Assignment.
Below are some records. Copy every line in them that holds "Sturkenboom".

Data shown.

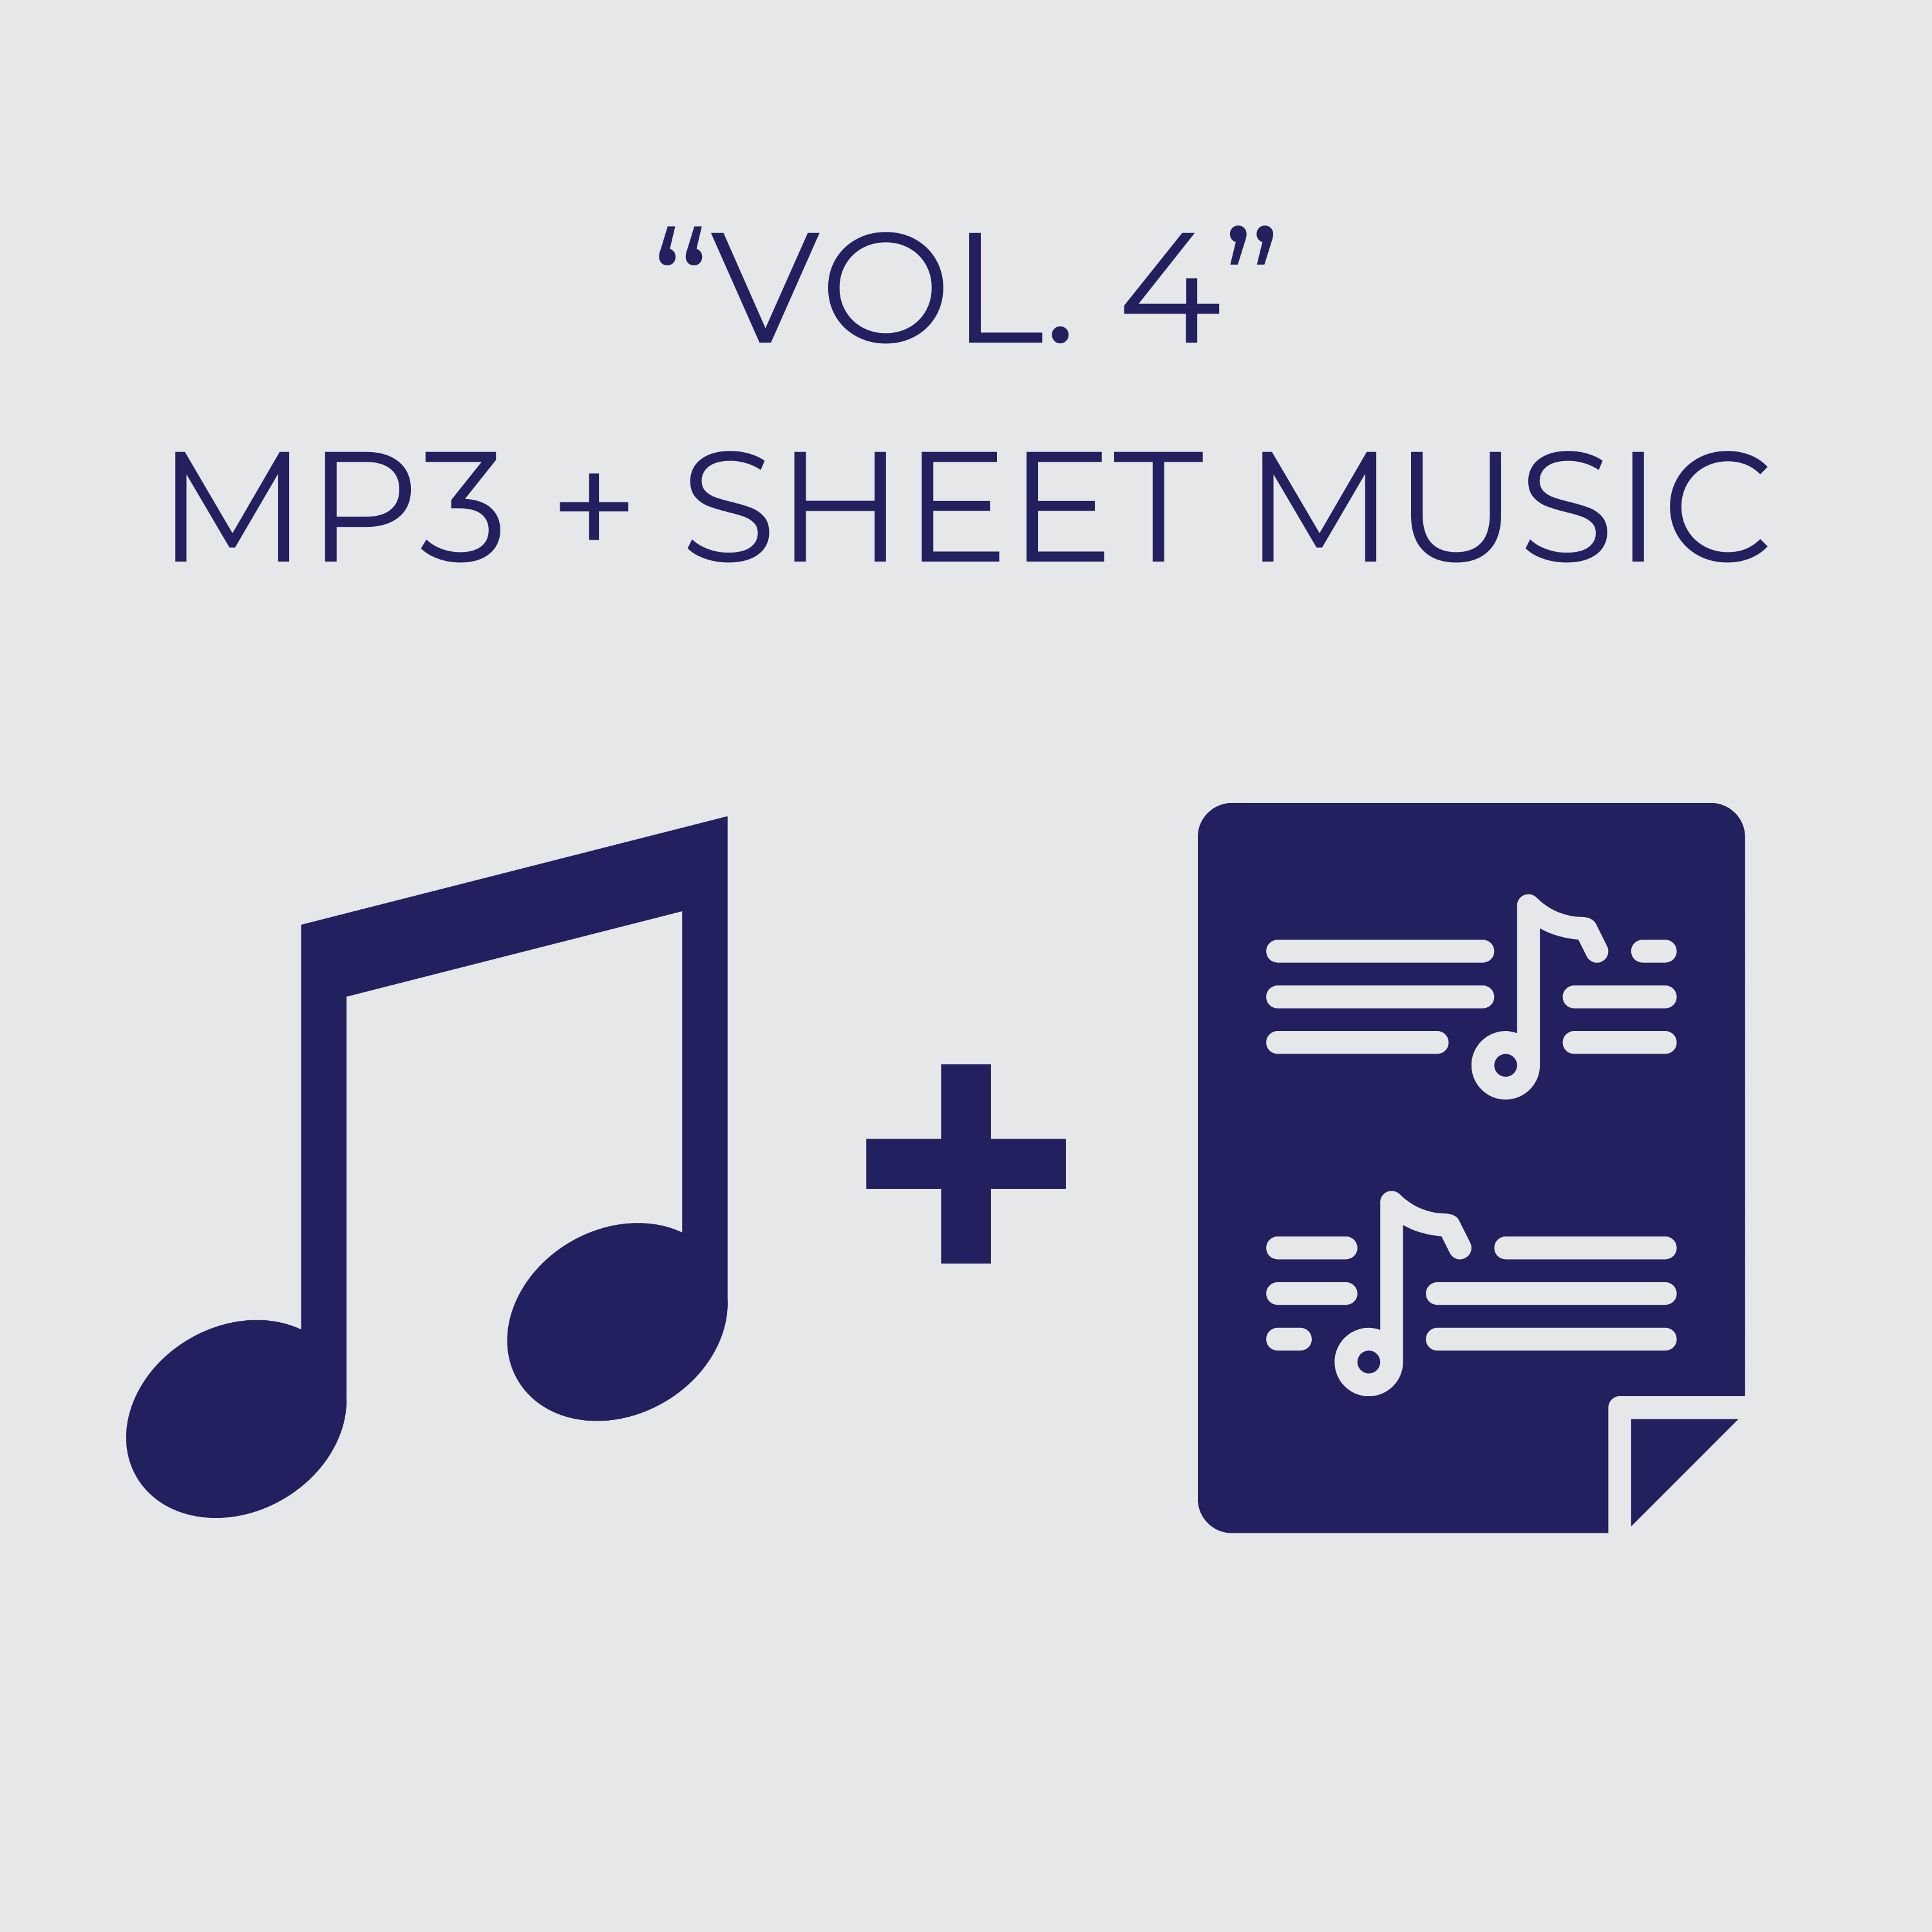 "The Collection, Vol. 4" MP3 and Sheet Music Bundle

* * *

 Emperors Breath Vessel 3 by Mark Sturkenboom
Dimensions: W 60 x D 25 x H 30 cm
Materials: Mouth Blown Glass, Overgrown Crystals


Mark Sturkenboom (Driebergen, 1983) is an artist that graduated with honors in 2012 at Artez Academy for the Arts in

The completed task.
 Emperors Breath Vessel 3 by Mark Sturkenboom
Mark Sturkenboom (Driebergen, 1983) is an artist that graduated with honors in 2012 at Artez Academy for the Arts in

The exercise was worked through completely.